This algorithm will either return the appropriate stored response to use, or null if the cache needs to forward the request towards the origin server.

2.2.1. Relationship to Vary

Caches that fully implement this specification MUST ignore request header-fields in the Vary header for the purposes of secondary cache key calculation ([RFC7234], Section 4.1) when their semantics are understood, implemented as per this specification, and their corresponding response header field is listed in Variants.

Request header fields listed in Vary that are not implemented in terms of this specification or not present in the Variants field SHOULD still form part of the secondary cache key.

The algorithm in Section 2.2 implements these requirements.

2.3. Examples

2.3.1. Single Variant

Given a request/response pair:

GET /foo HTTP/1.1
Host: www.example.com
Accept-Language: en;q=1.0, fr;q=0.5

HTTP/1.1 200 OK
Content-Type: image/gif
Content-Language: en
Cache-Control: max-age=3600
Variants: Content-Language;en;de
Vary: Accept-Language
Transfer-Encoding: chunked

Upon receipt of this response, the cache knows that two representations of this resource are available, one with a Content-Language of “en”, and another whose Content-Language is “de”.

Subsequent requests (while this response is fresh) will cause the cache to either reuse this response or forward the request, depending on what the selection algorithm Accept-Language and Content-Language determines.

So, a request with “en” in Accept-Language is received and its q-value indicates that it is acceptable, the stored response is used. A request that indicates that “de” is acceptable will be forwarded to the origin, thereby populating the cache.
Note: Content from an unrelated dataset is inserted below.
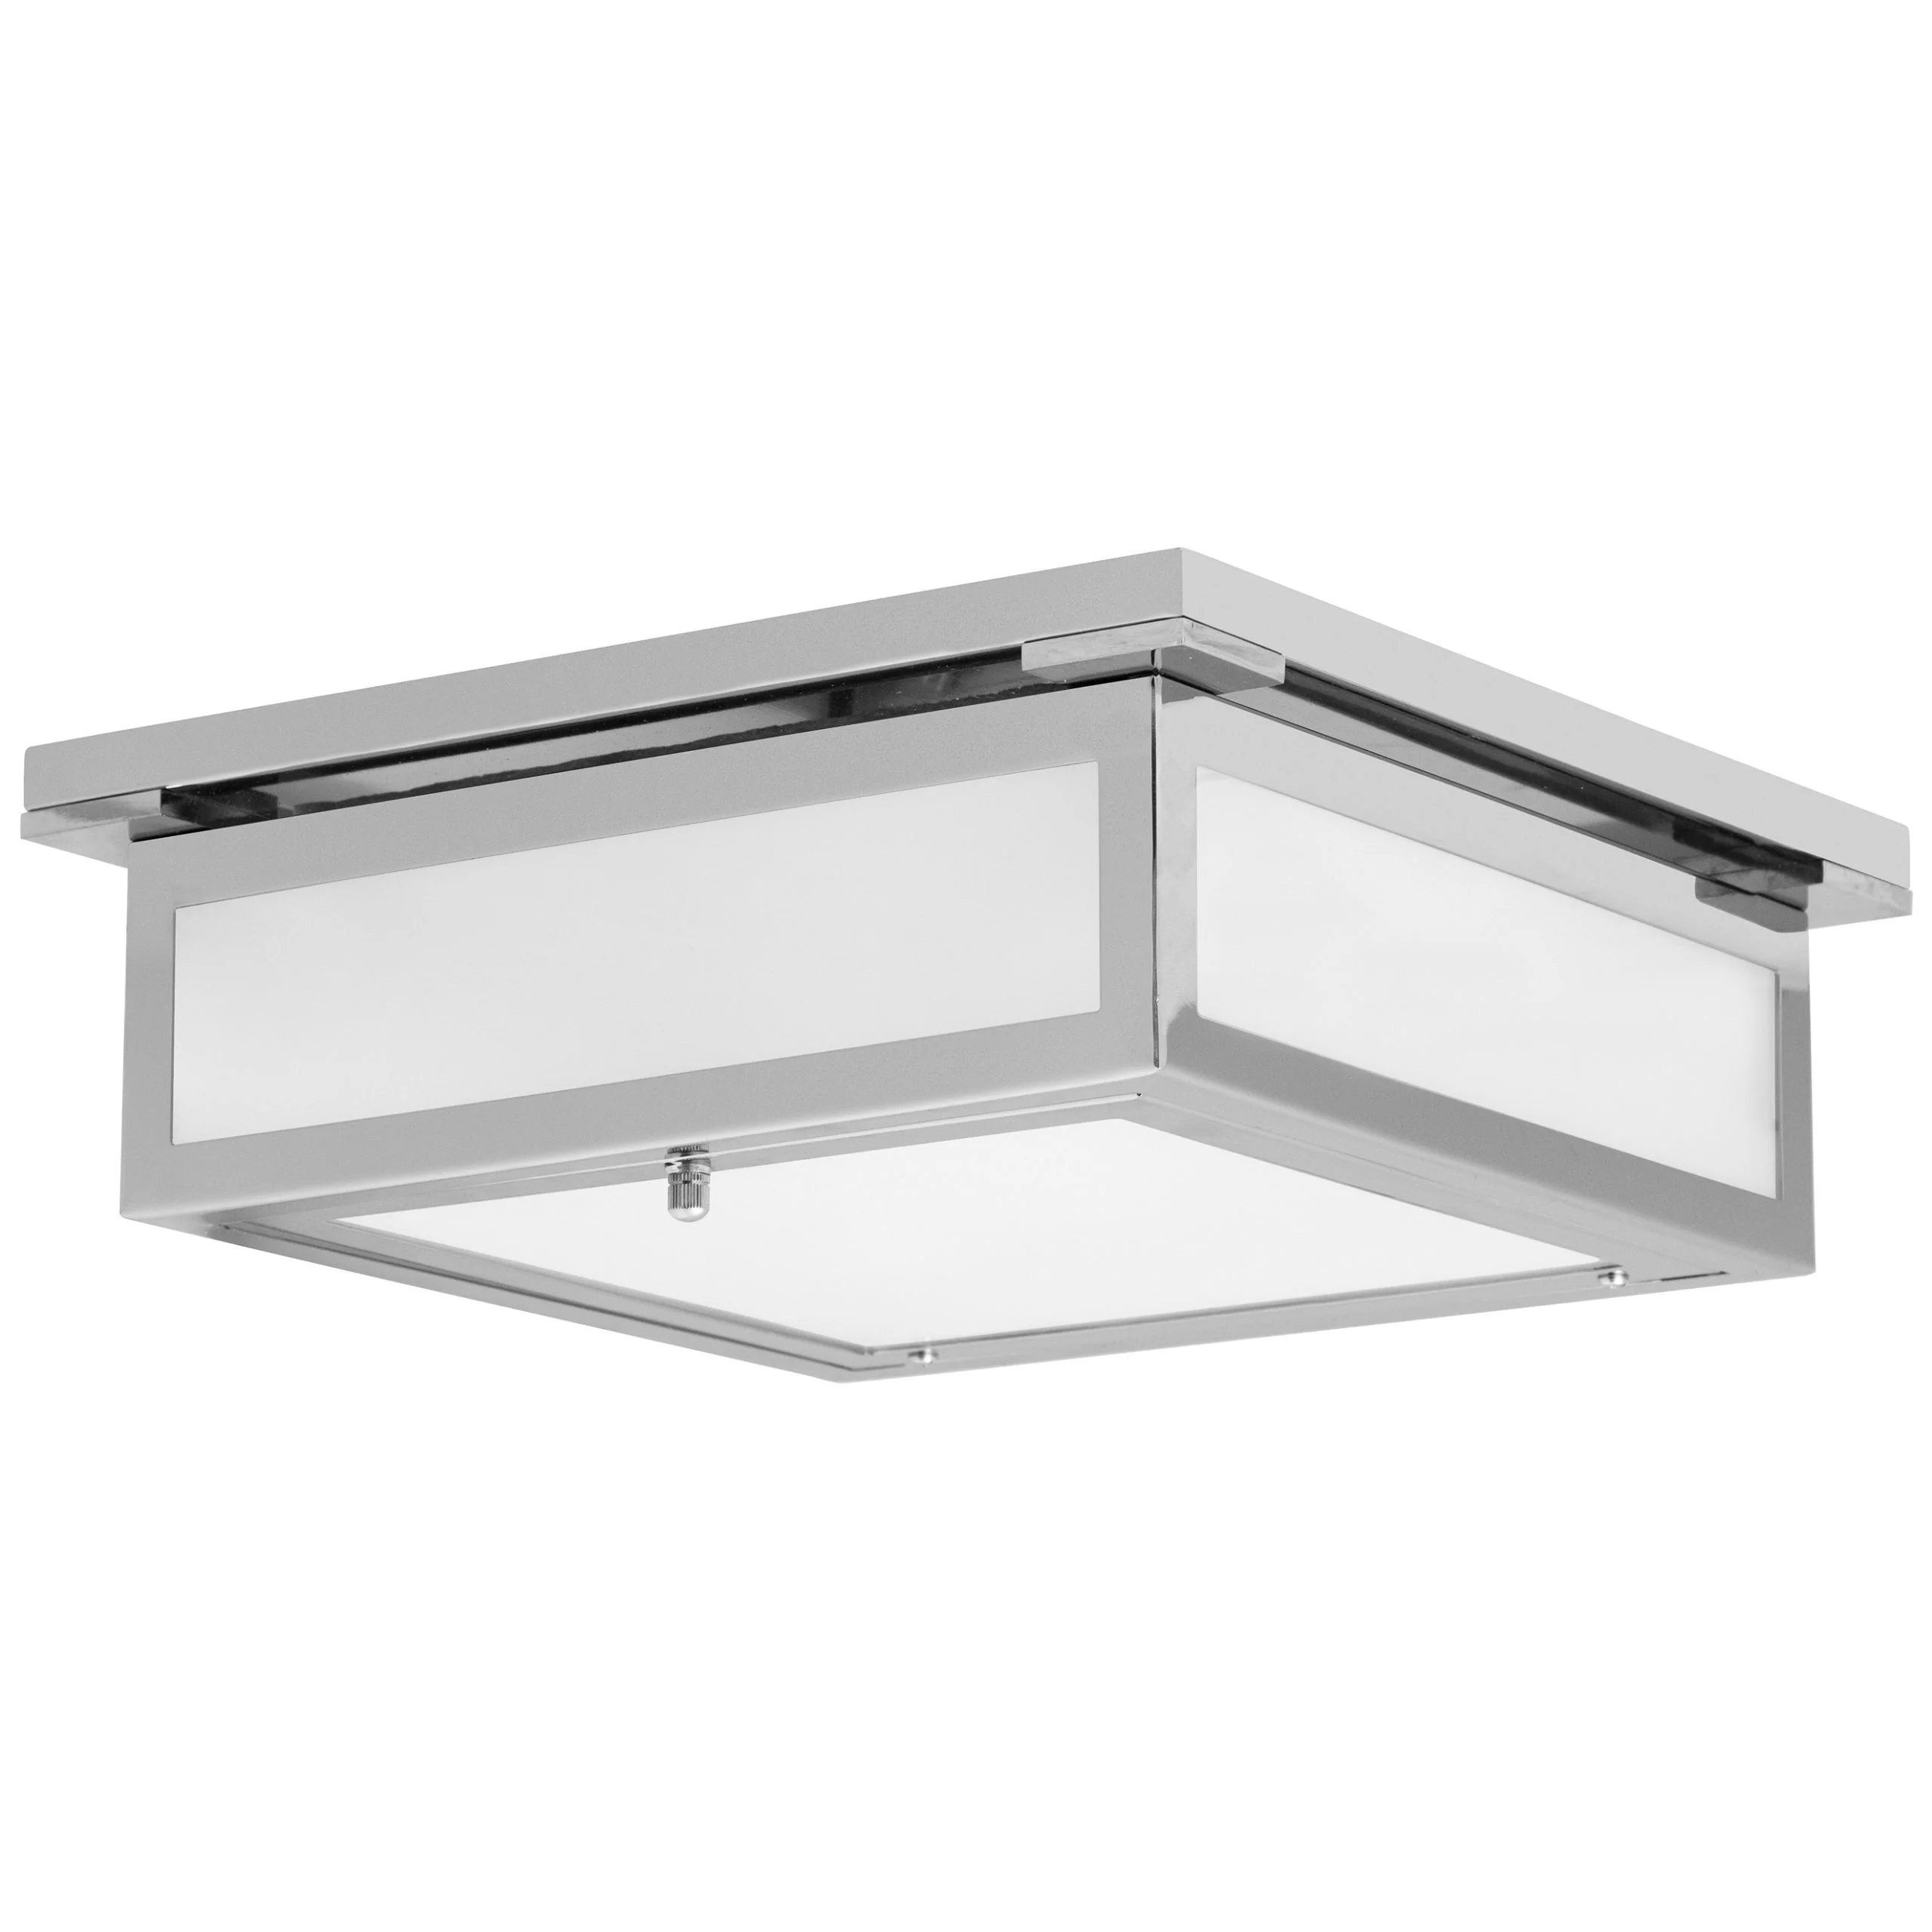 12"W Polished Chrome Ceiling Light with Frosted Glass Shade

A cache receiving a request that indicates both languages are acceptable will use the q-value to make a determination of what response to return.

A cache receiving a request that does not list either language as acceptable (or does not contain an Accept-Language at all) will return the “en” representation (possibly fetching it from the origin), since it is listed first in the Variants list.
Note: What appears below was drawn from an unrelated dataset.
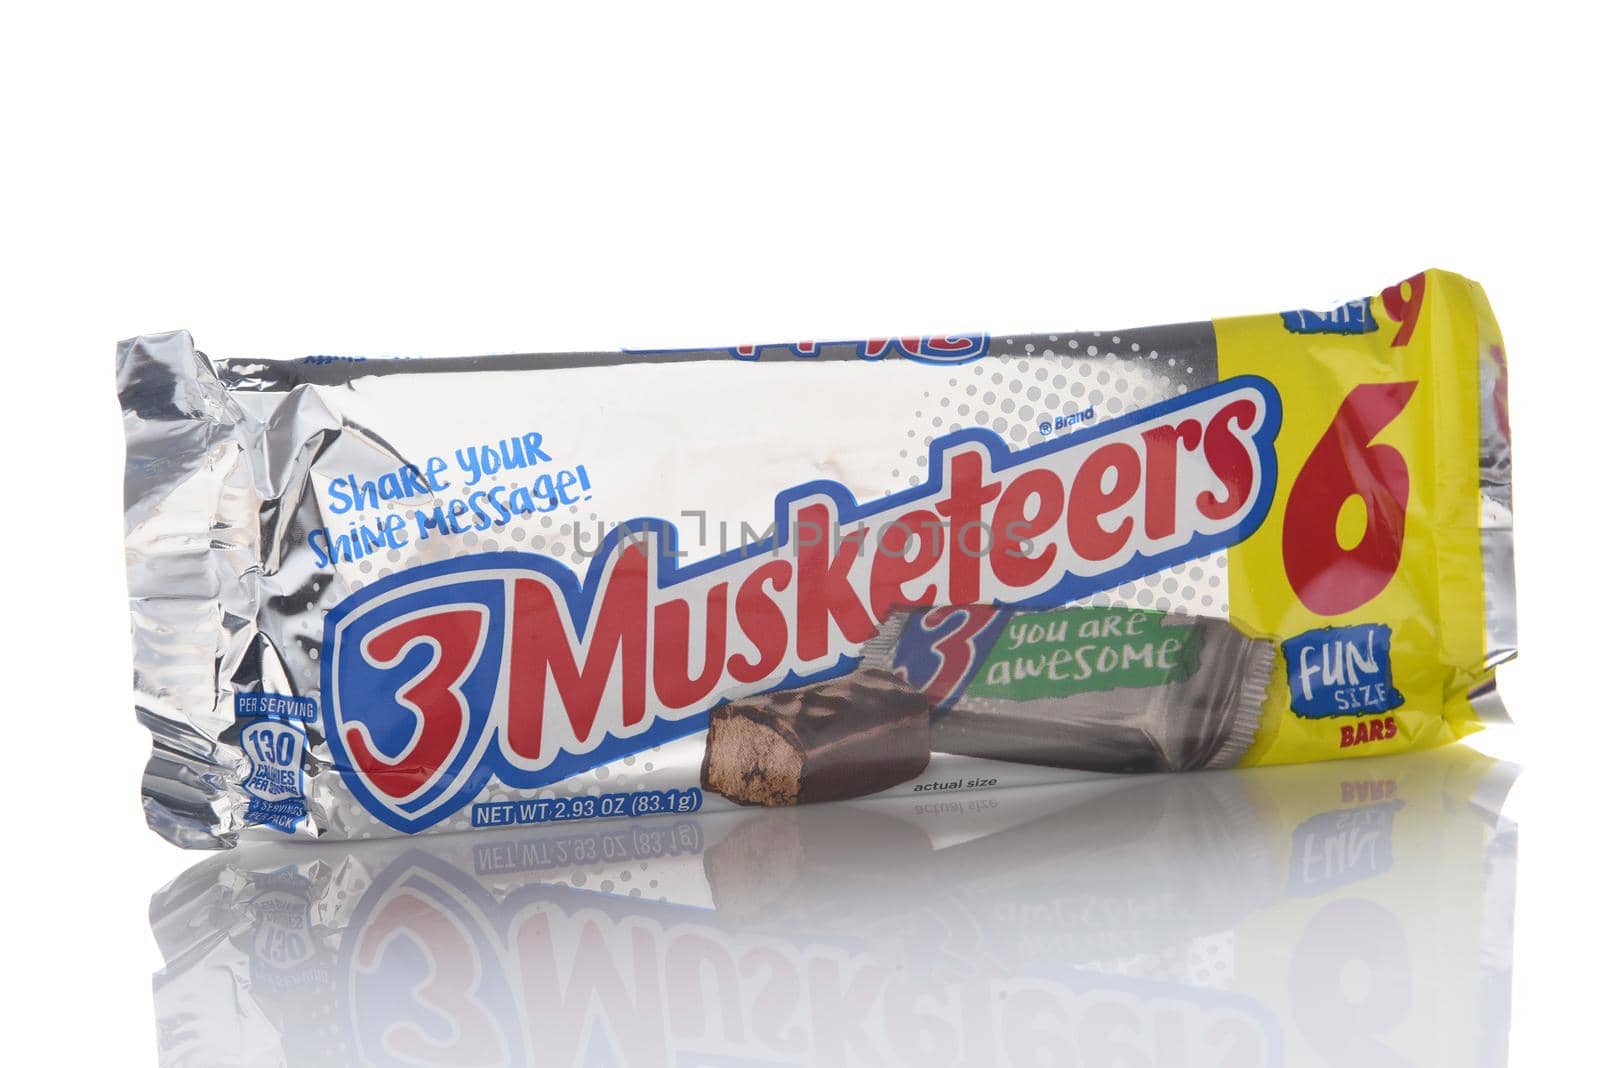 IRVINE, CALIFORNIA - 9 OCT 2019: A package of 6 Fun Size 3 Musketeers Candy Bars.

Note that Accept-Language is listed in Vary, to assure backwards-compatibility with caches that do not support Variants.

Also, note that is is the response header which is listed in Variants, not the request header (the opposite of Vary).

2.3.2. Multiple Variants

A more complicated request/response pair:

GET /bar HTTP/1.1
Host: www.example.net
Accept-Language: en;q=1.0, fr;q=0.5
Accept-Encoding: gzip, br

HTTP/1.1 200 OK
Content-Type: image/gif
Content-Language: en
Content-Encoding: br
Variants: Content-Language;en;jp;de
Variants: Content-Encoding;br;gzip
Vary: Accept-Language, Accept-Encoding
Transfer-Encoding: chunked

Here, the cache knows that there are two axes that the response varies upon; Content-Language and Content-Encoding. Thus, there are a total of six possible representations for the resource, and the cache needs to consider the selection algorithms for both axes.
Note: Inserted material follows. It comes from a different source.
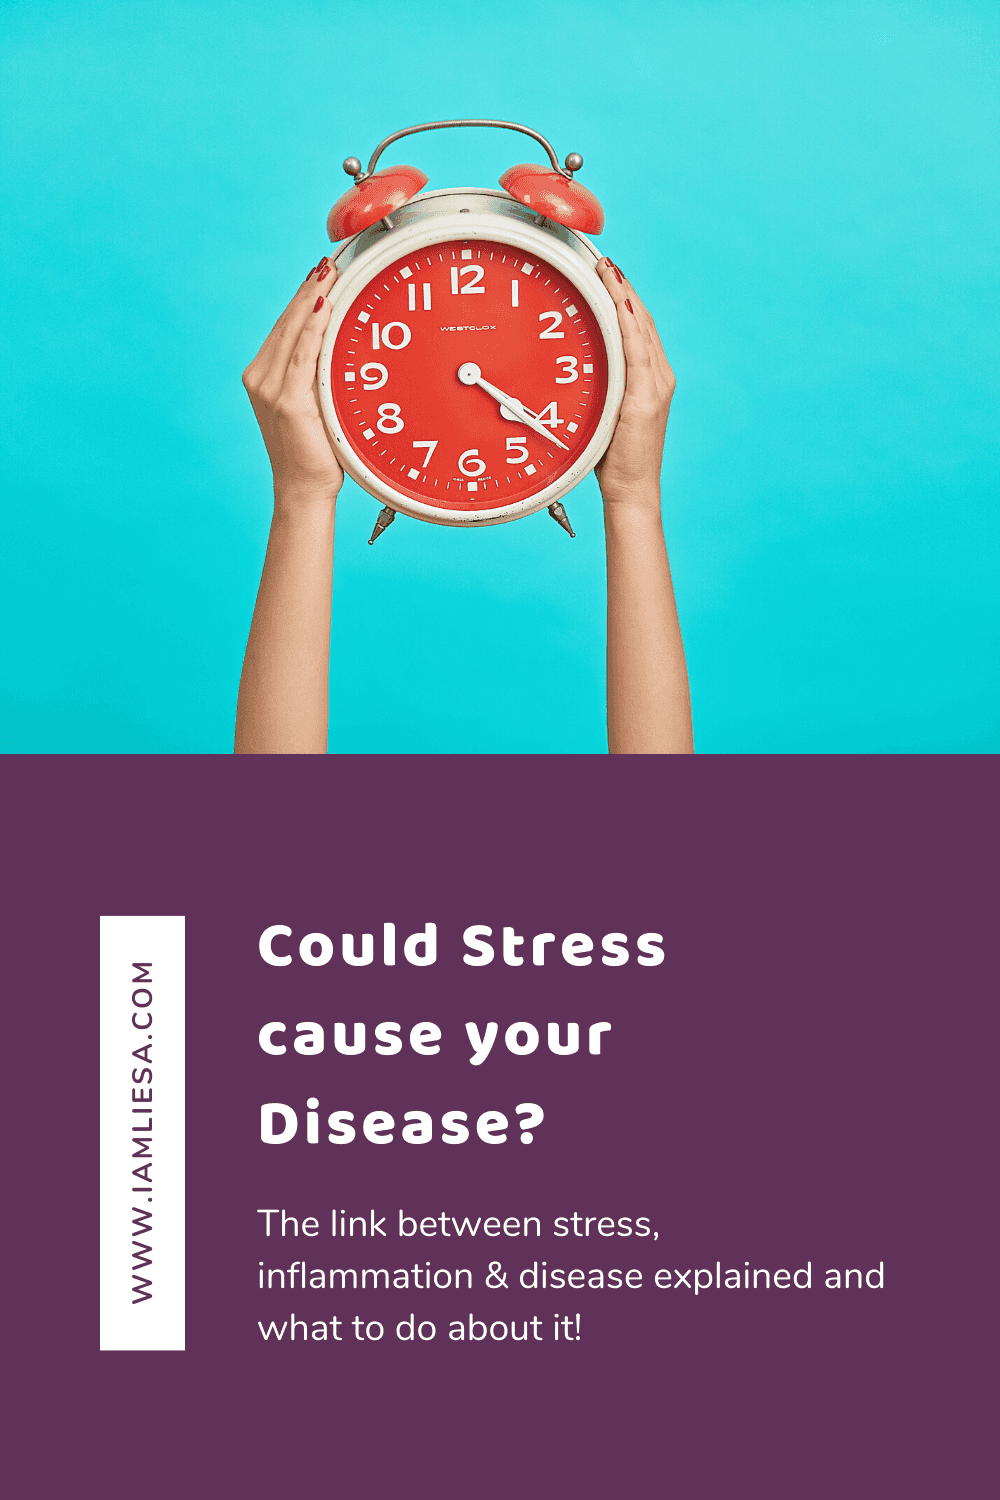 We're all aware that stress isn't good for our health. But did you know just how detrimental it can be? Learn about the link between stress, inflammation & disease and what to do about it!

Upon a subsequent request, if both selection algorithms return a stored representation, it can be served from cache; otherwise, the request will need to be forwarded to origin.

2.3.3. Partial Coverage

Now, consider the previous example, but where only one of the varied axes is listed in Variants:

GET /bar HTTP/1.1
Host: www.example.net
Accept-Language: en;q=1.0, fr;q=0.5
Accept-Encoding: gzip, br

HTTP/1.1 200 OK
Content-Type: image/gif
Content-Language: en
Content-Encoding: br
Variants: Content-Encoding;br;gzip
Vary: Accept-Language, Accept-Encoding
Transfer-Encoding: chunked

Here, the cache will need to calculate a secondary cache key as per [RFC7234], Section 4.1 – but considering only Accept-Language to be in its field-value – and then continue processing Variants for the set of stored responses that the algorithm described there selects.

3. IANA Considerations

This specification registers one value in the Permanent Message Header Field Names registry established by [RFC3864]:

4. Security Considerations

If the number or advertised characteristics of the representations available for a resource are considered sensitive, the Variants header by its nature will leak them.

Note that the Variants header is not a commitment to make representations of a certain nature available; the runtime behaviour of the server always overrides hints like Variants.

5. Acknowledgments

This protocol is conceptually similar to, but simpler than, Transparent Content Negotiation [RFC2295]. Thanks to its authors for their inspiration.

It is also a generalisation of a Fastly VCL feature designed by Rogier ‘DocWilco’ Mulhuijzen.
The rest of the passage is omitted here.